Desenhada por médicos e para médicos, a plataforma nasceu quando Miguel Borges, 28 anos, acabou o curso de Medicina e estava a cumprir o internato no hospital de Guimarães, no final de 2014. Na passagem pela área da oncologia, o médico deparou com “alguns problemas”, como a falta de dados sobre o sucesso dos tratamentos ao cancro da mama que eram ali acompanhados e que pudessem ser entregues à Administração Regional de Saúde do Norte.

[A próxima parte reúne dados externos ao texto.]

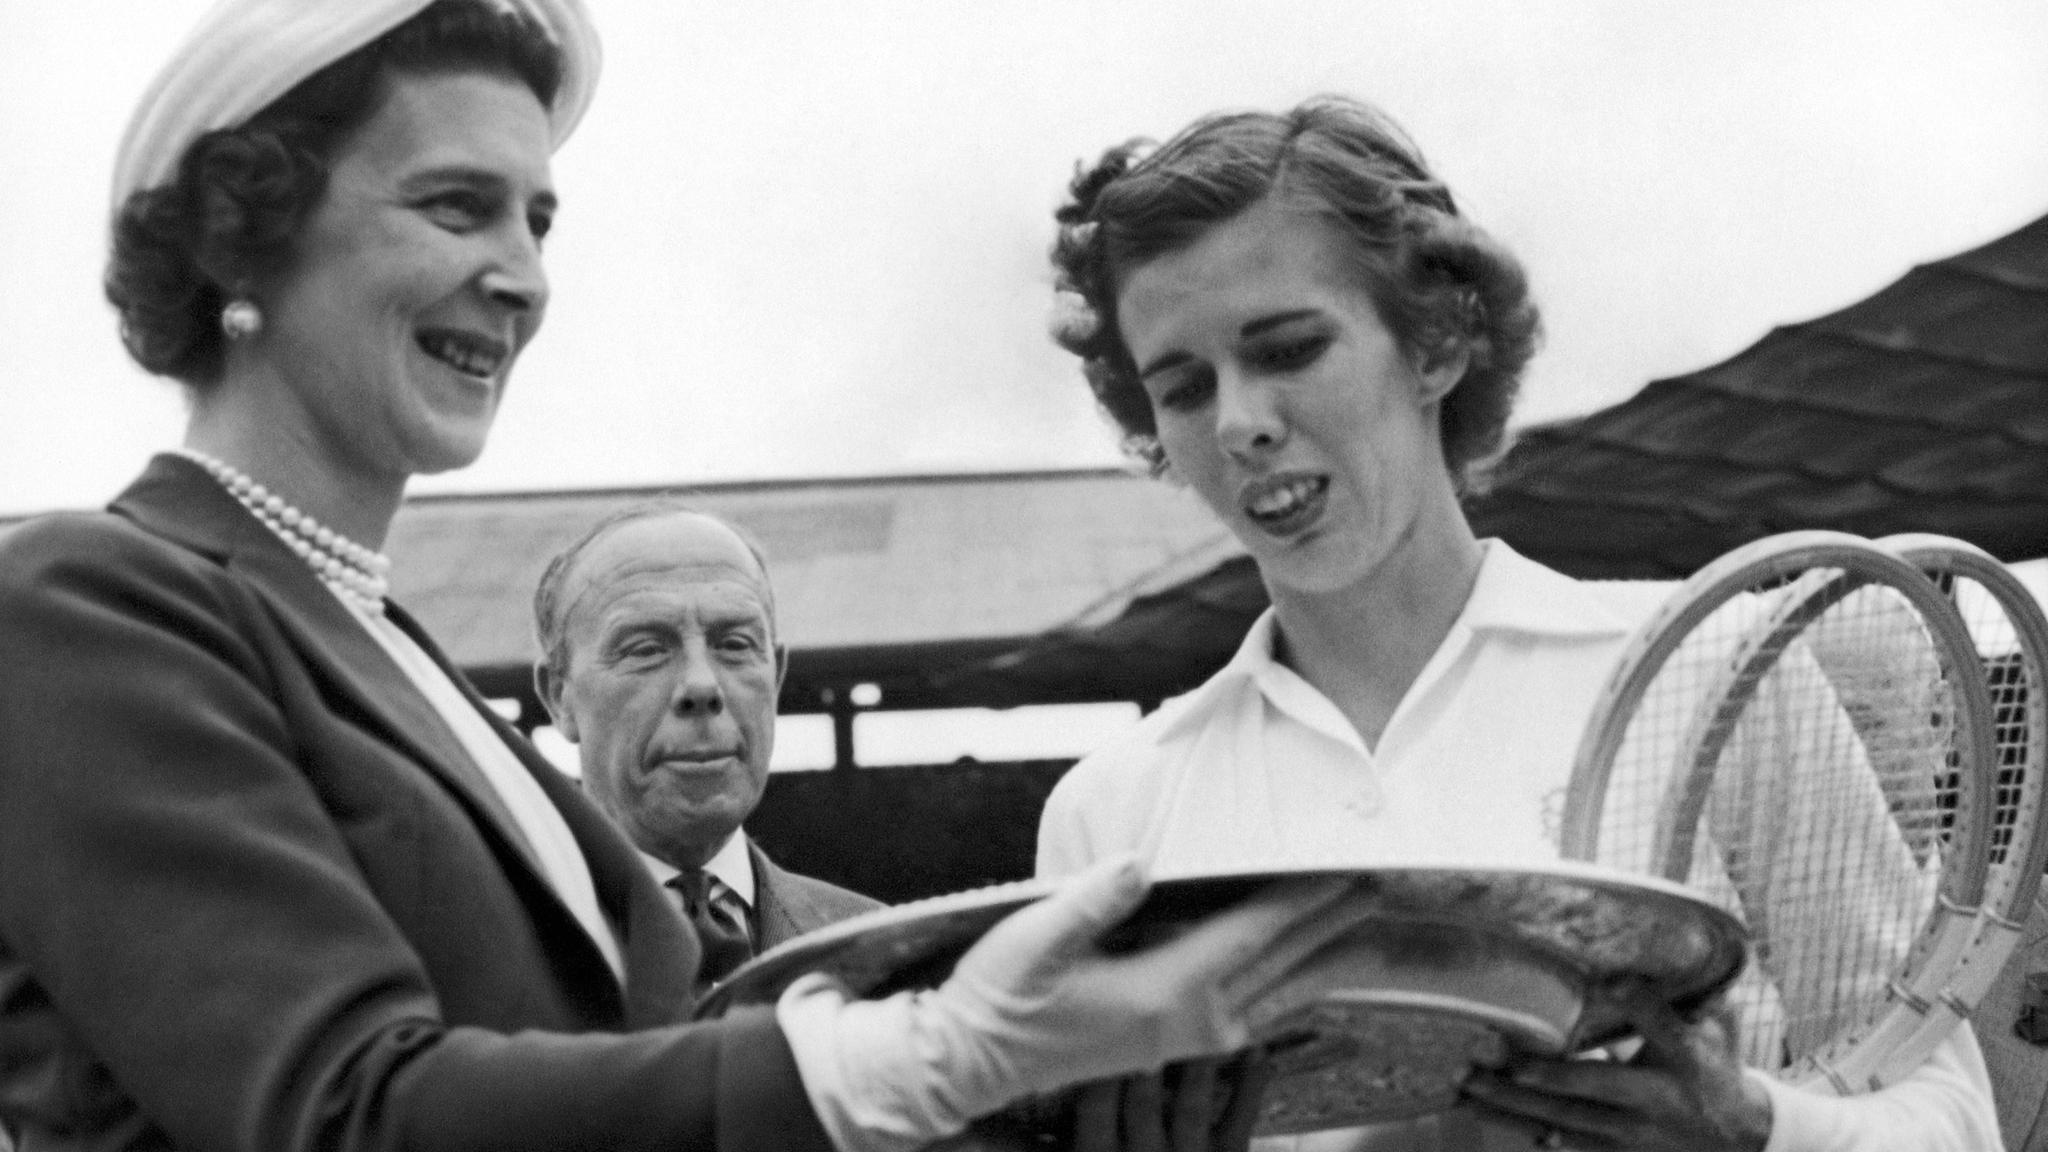 Doris Hart tennis champion 1925 2015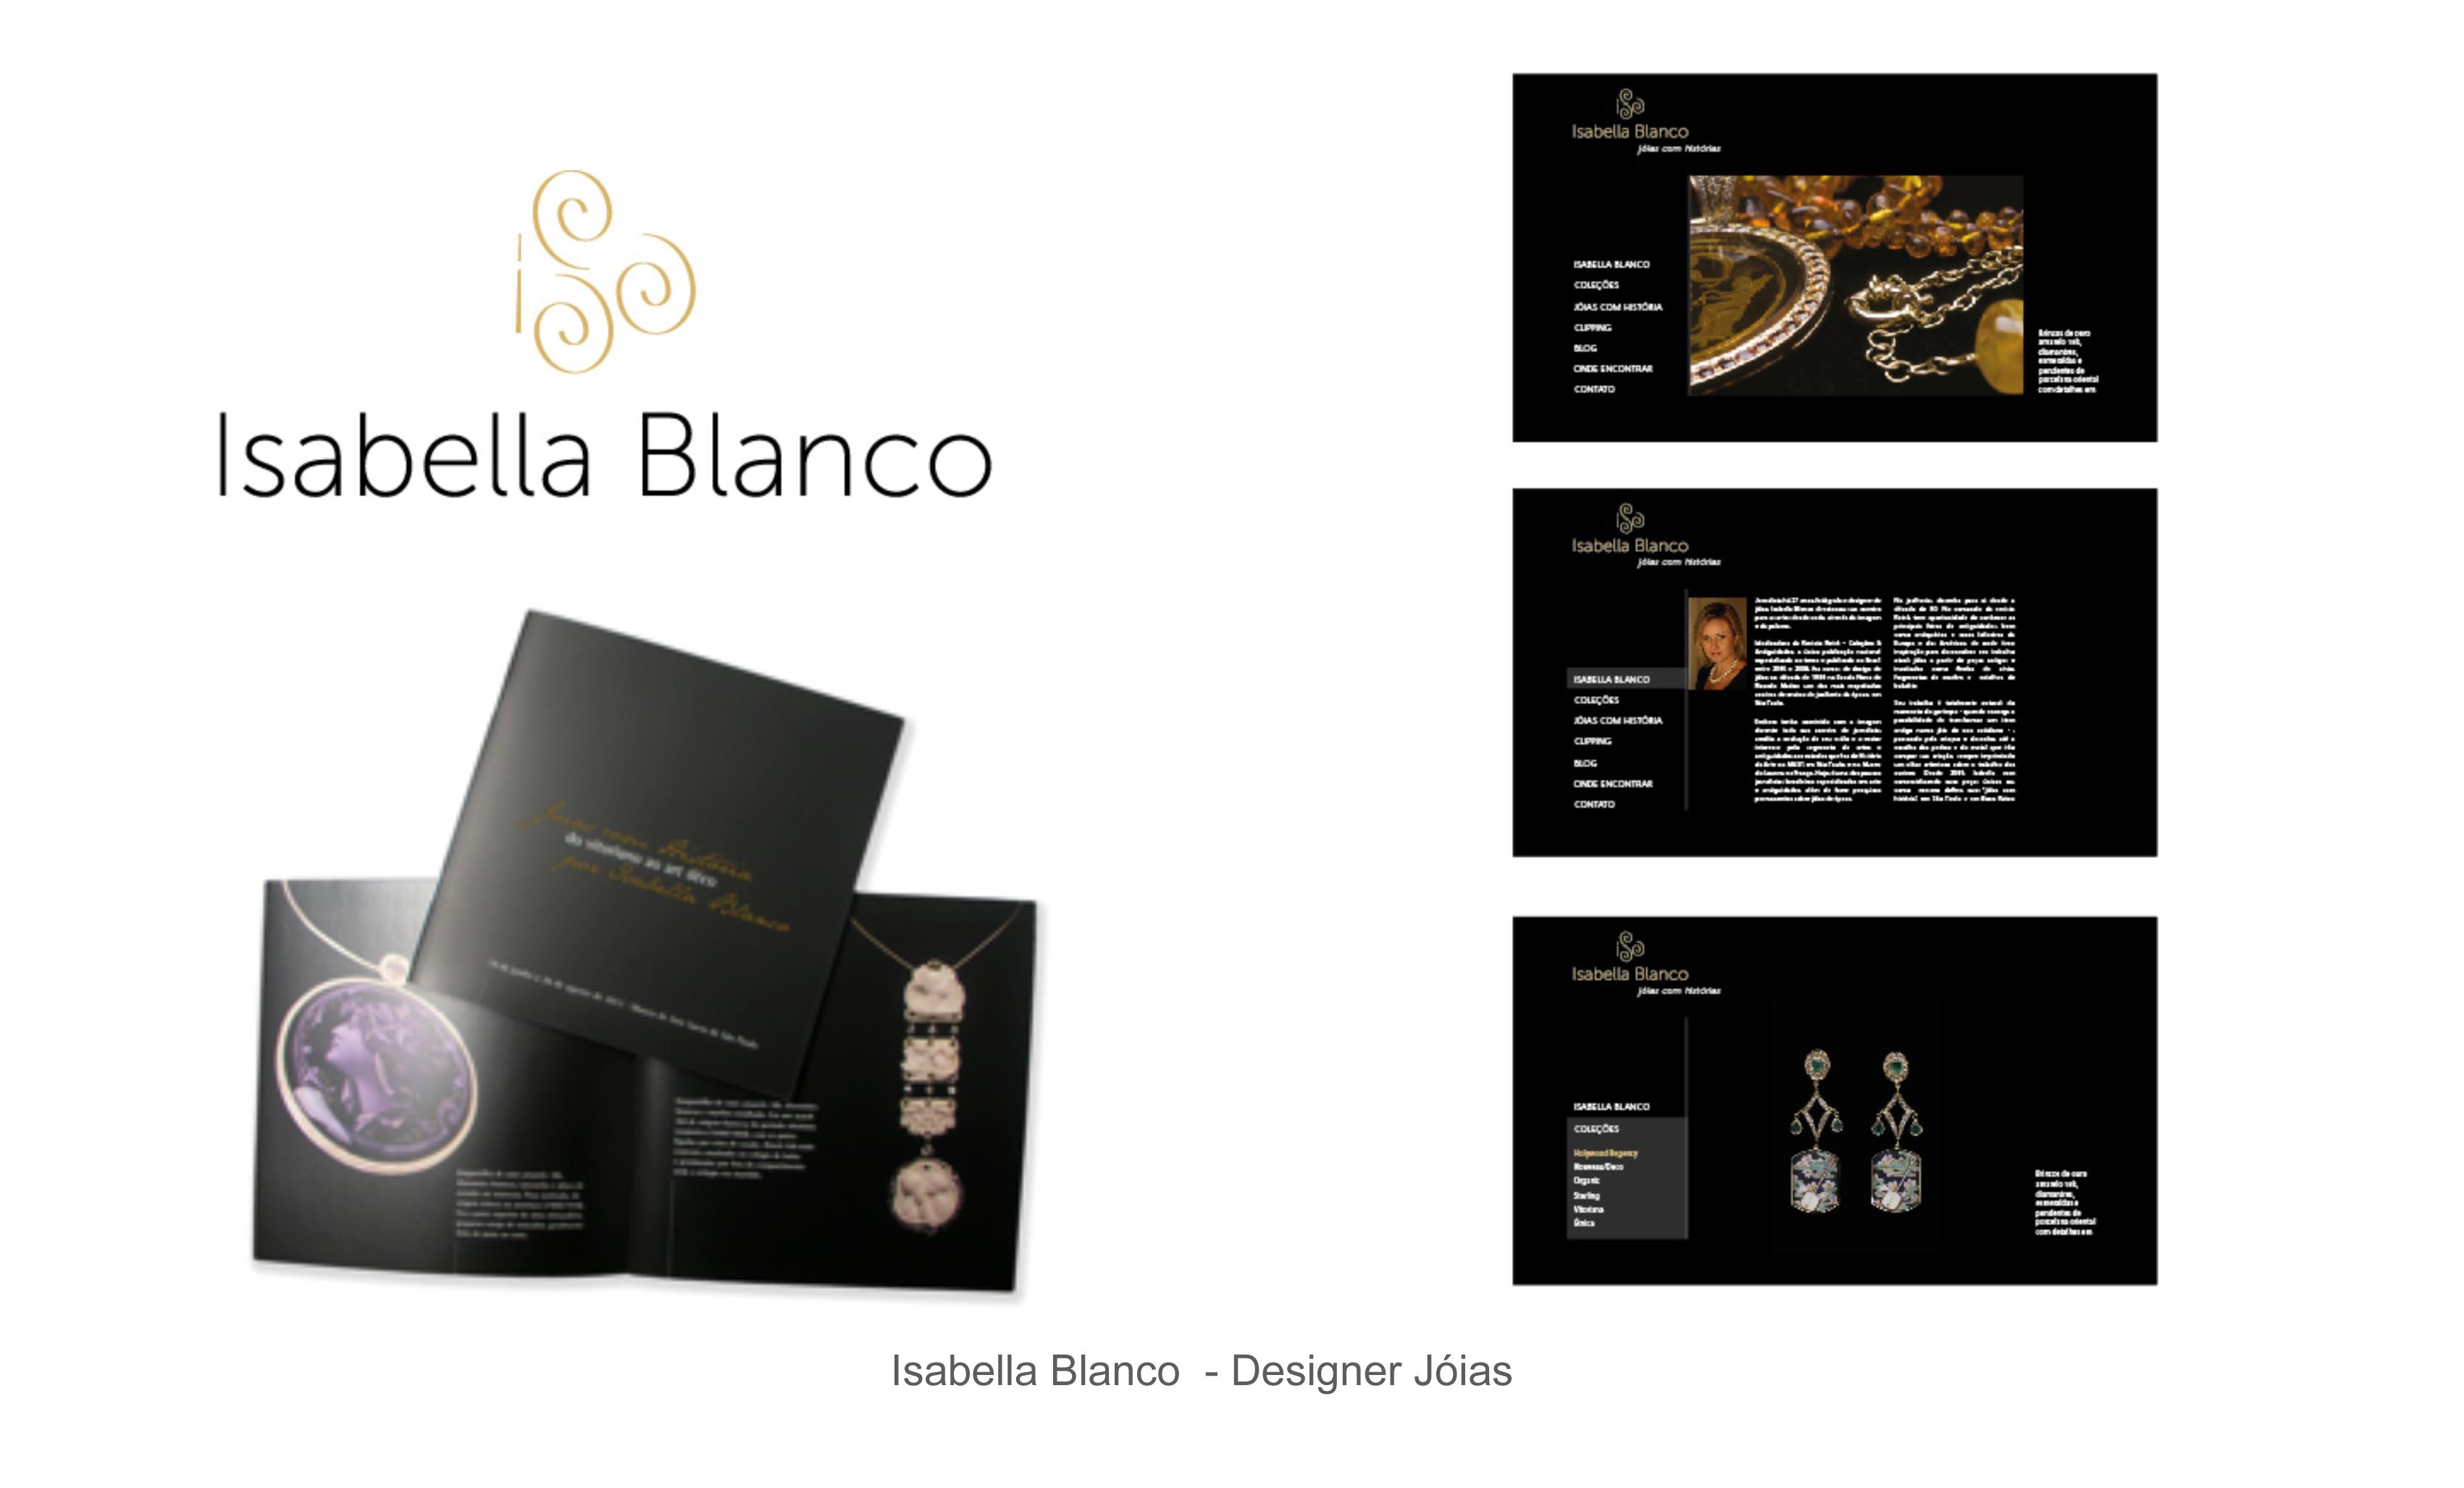 Isabella_Blanco.jpg

Juntou-se ao colega Firmino Machado e nasceu o software que permite sistematizar esses dados, o OncoStats.

“Pensamos numa ferramenta que permitisse à diretora de oncologia distribuir pelos outros oncologistas e pelos cirurgiões gerais, que trabalhavam no grupo do cancro da mama, o registo de informação clínica com qualidade, parametrizada, que conseguisse refletir o pensamento clínico para o interior de uma base de dados”, explica Miguel Borges, CEO e cofundador da OncoStats, ao Observador.

Na prática, a plataforma permite obter o resumo da situação de cada doente: o tipo de tumor, a progressão da doença, os tratamentos já realizados, informações sociodemográficas e o histórico familiar, fator importante se houver uma componente genético na doença.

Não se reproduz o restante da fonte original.